Да, он плакал. Он сидел, упершись локтями в стол и сложив ладони на груди, и слезы заливали его лицо.
– Причем весной. Была весна, когда она умерла. В природе все цвело. О, о-о!
Франк опустил глаза и вертел в руке ножку бокала. Унни положила руку папе на плечо. Будиль смотрела на них.
– Ты ведь был самым близким ей человеком, – сказала она. – Она любила тебя больше всех.
– О! О! – стонал отец. Он закрыл глаза и прижал руки к лицу.

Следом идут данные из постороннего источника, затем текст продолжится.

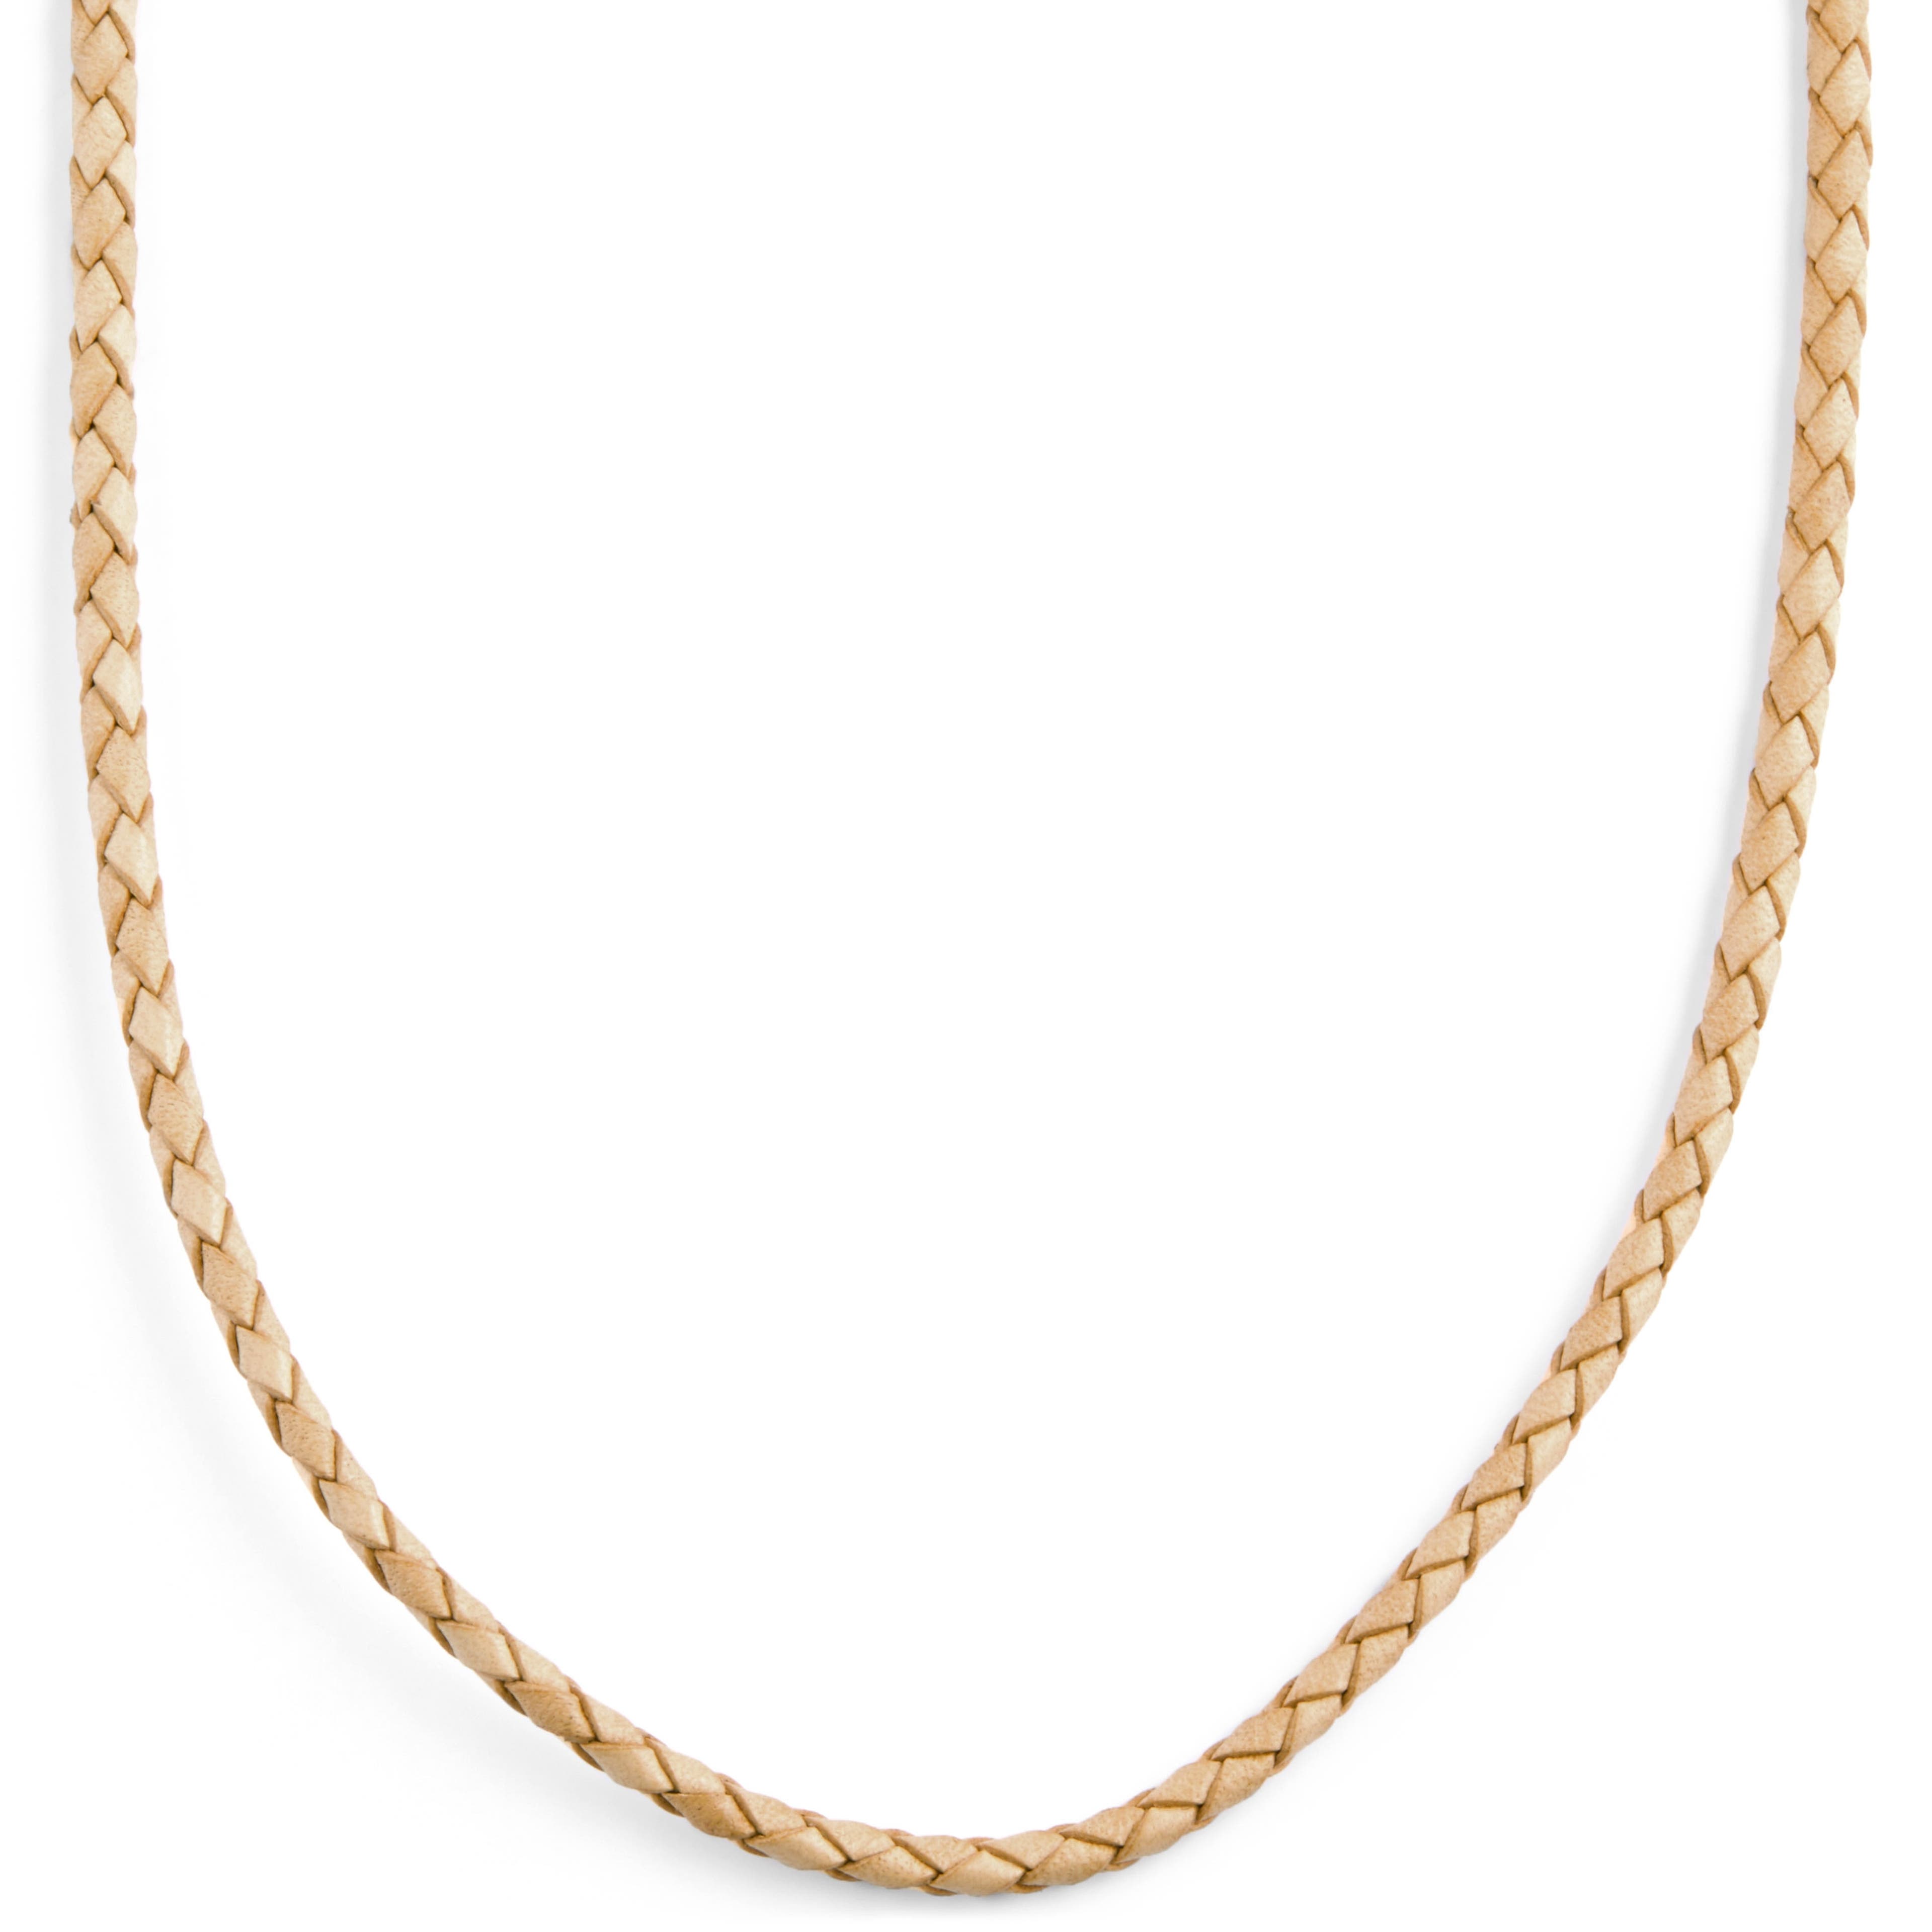 Tenvis | 3 mm Sand Leather Necklace

По двору пронесся порыв ветра. Свесившиеся со стола концы скатерти захлопали на ветру. Ветер подхватил салфетку и понес ее по участку. Листва над нами зашумела. Я поднял бокал и выпил, вздрогнув, когда кисловатый вкус разлился по нёбу, и вдруг снова ощутил то светлое, чистое чувство, когда хмель вот-вот ударит в голову, но еще не ударил, а затем, как всегда, – желание его поймать.
Часть II
Просидев несколько месяцев за писанием того, что, по идее, должно было стать моим вторым романом, в полуподвальной комнате в Окесхуве – одном из многочисленных городов-спутников Стокгольма, – где за окном в каких-то нескольких метрах проносились поезда метро, так что каждый день, когда спускались сумерки, вагоны вереницей освещенных комнат мчались через лес, я в конце 2003 года снял себе для работы офис в центре Стокгольма. Помещение принадлежало одному из друзей Линды, и оно подходило мне идеально. По сути дела, это была однокомнатная квартира с мини-кухней и душевой кабиной; помимо письменного стола и книжных полок там был даже диван-кровать. После Рождества я перебрался туда со своими вещами, то есть с пачкой книг и компьютером, и приступил к работе в первый будний день нового года. Роман был, в сущности, готов – странная вещица на сто тридцать страниц, небольшой сюжетик об отце и двух его сыновьях, отправившихся летней ночью на ловлю крабов, который затем перетекал в длинное эссе об ангелах, в свою очередь плавно перетекавшее в историю об одном из этих сыновей, теперь уже взрослом, как он несколько дней провел один на острове среди моря, предаваясь сочинительству и самоистязанию.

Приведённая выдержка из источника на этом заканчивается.